By the end of this lab you will have a local SQLite database, shop.db, holding a small online-bookstore dataset, plus a set of Python scripts that answer a real analytical question: which customer generated the most completed-order revenue, and how does the engine plan that lookup? You will build the query in layers — join, aggregate, rank — then read its execution plan and add an index that changes it. Everything uses Python's standard-library sqlite3 module: no server, no install, no cost.

Skills exercised:

  • Joining three related tables without dropping or double-counting rows
  • Aggregating revenue with GROUP BY and a completed-orders filter
  • Ranking groups with a RANK() window function
  • Reading an execution plan and adding an index that turns a scan into a search

Prerequisites and setup

Prerequisites: the three lessons in this course — Joins and Set Operations, Aggregation and Window Functions, and Query Performance and EXPLAIN.

Setup: you need Python 3.10 or newer. The sqlite3 module ships with Python, so there is nothing to install. Verify your version and create a working folder.

python3 --version
mkdir de102-sql-lab && cd de102-sql-lab

Expected output from the version command is a line like Python 3.12.10. If the command is not found, install Python from python.org before continuing.
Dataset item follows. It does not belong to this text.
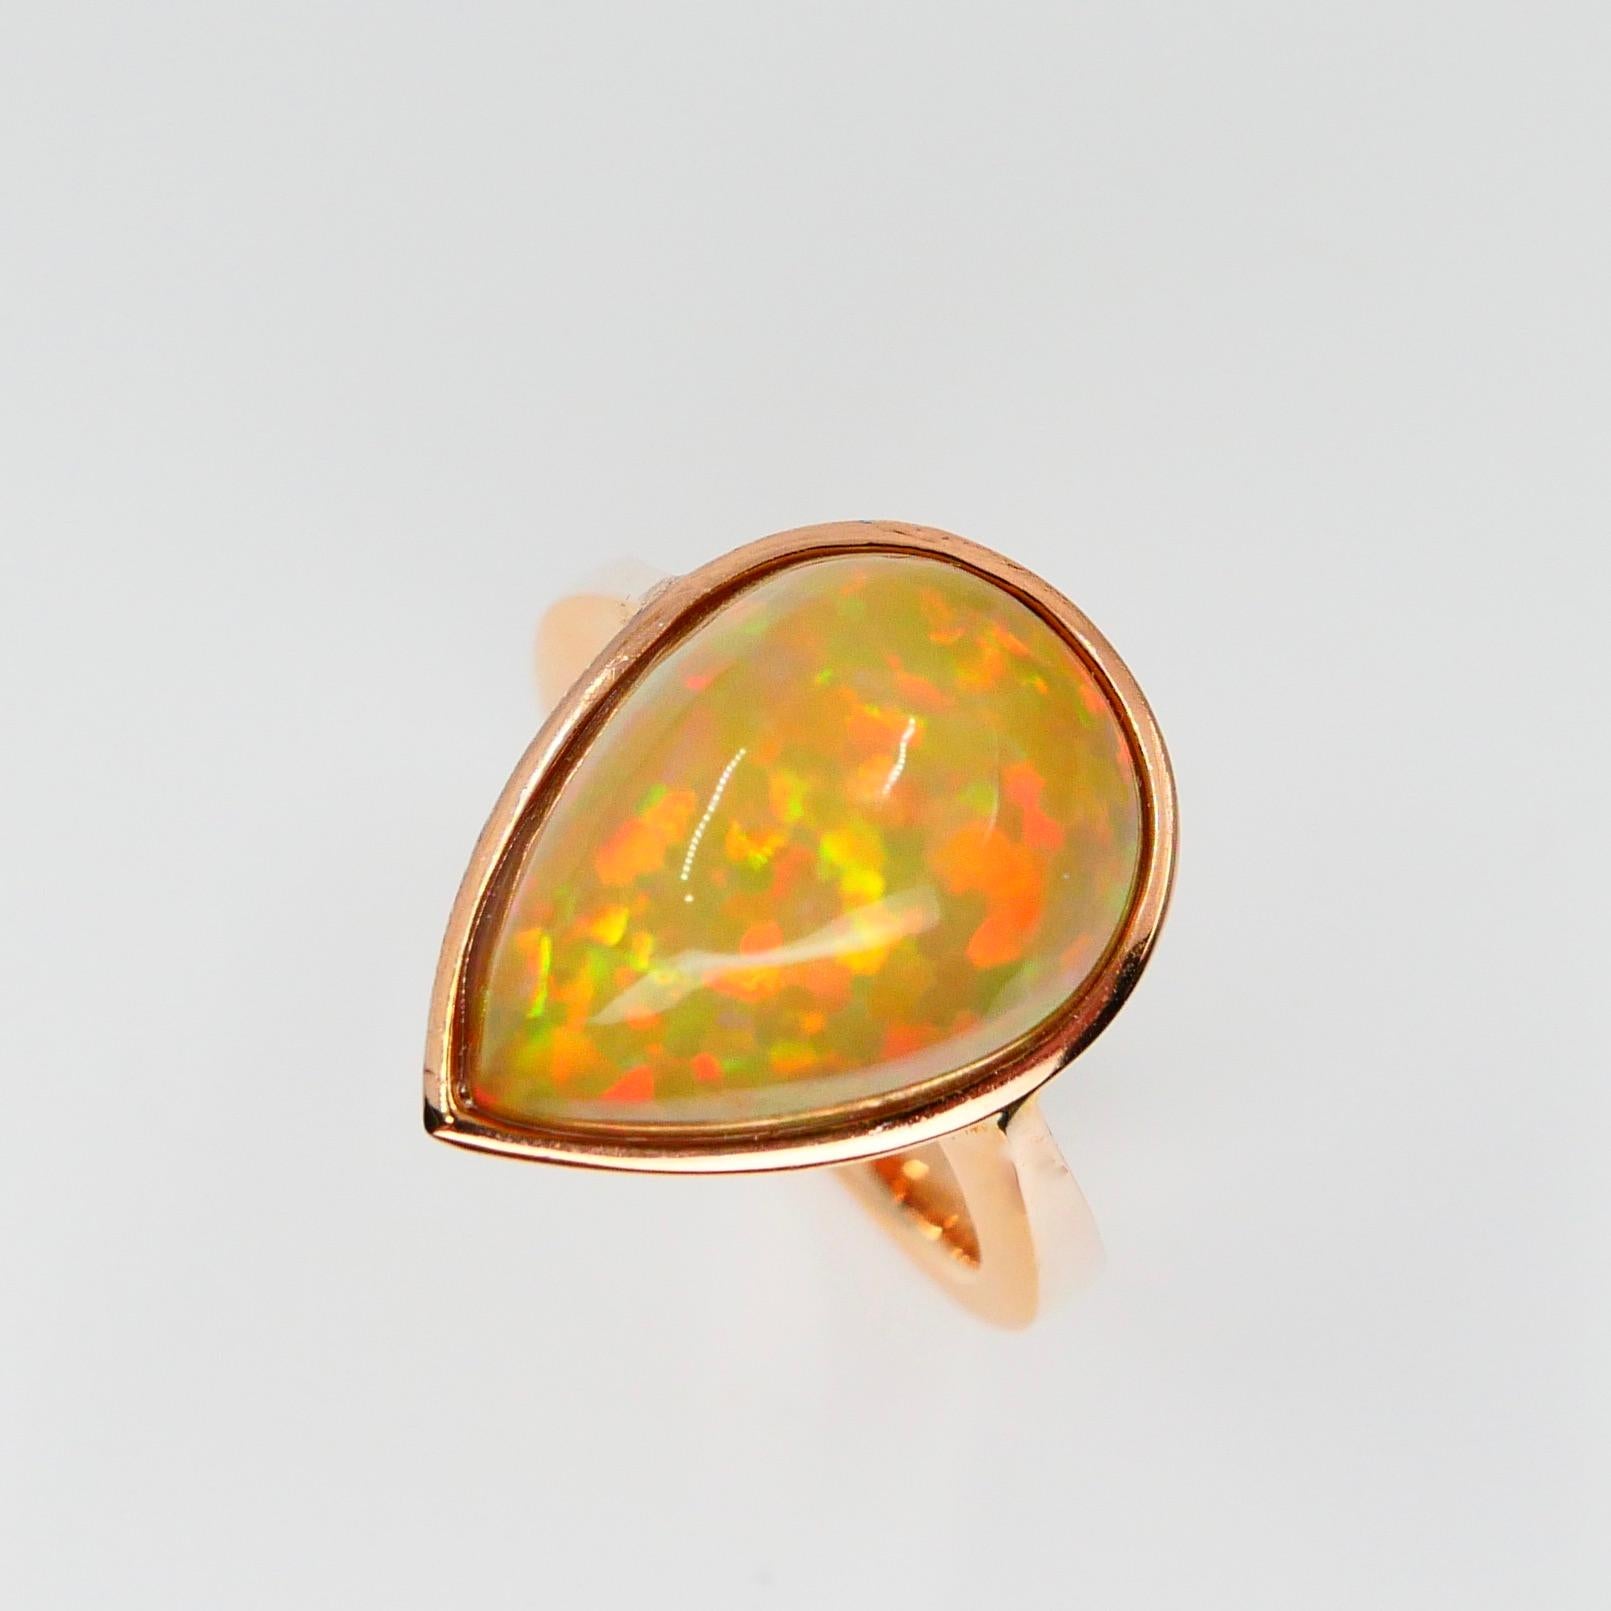 5.85 Carat Opal Ring Set in 18 Karat Gold Colorful Red, Green, Orange and Yellow 6

In the steps below, use python3 on macOS/Linux and python on Windows.

info

This lab uses window functions, which require the SQLite library bundled with Python to be version 3.25 or newer. Any Python 3.10+ from python.org already meets this. To check, run python3 -c "import sqlite3; print(sqlite3.sqlite_version)" — you need 3.25.0 or higher.

note

Every step writes a small Python file and reads or writes shop.db in this one folder. If you close your terminal and come back, re-run the cd de102-sql-lab command to return to it; shop.db and your scripts are still there, so you can resume at the step you left off.

Step 1 — Create the database and load the data

Goal: build shop.db with three tables — customers, orders, and order items — and confirm the row counts.

Save this exactly as build_db.py:

"""Create shop.db: a small online-bookstore dataset for the lab."""
import sqlite3

con = sqlite3.connect("shop.db")
con.executescript("""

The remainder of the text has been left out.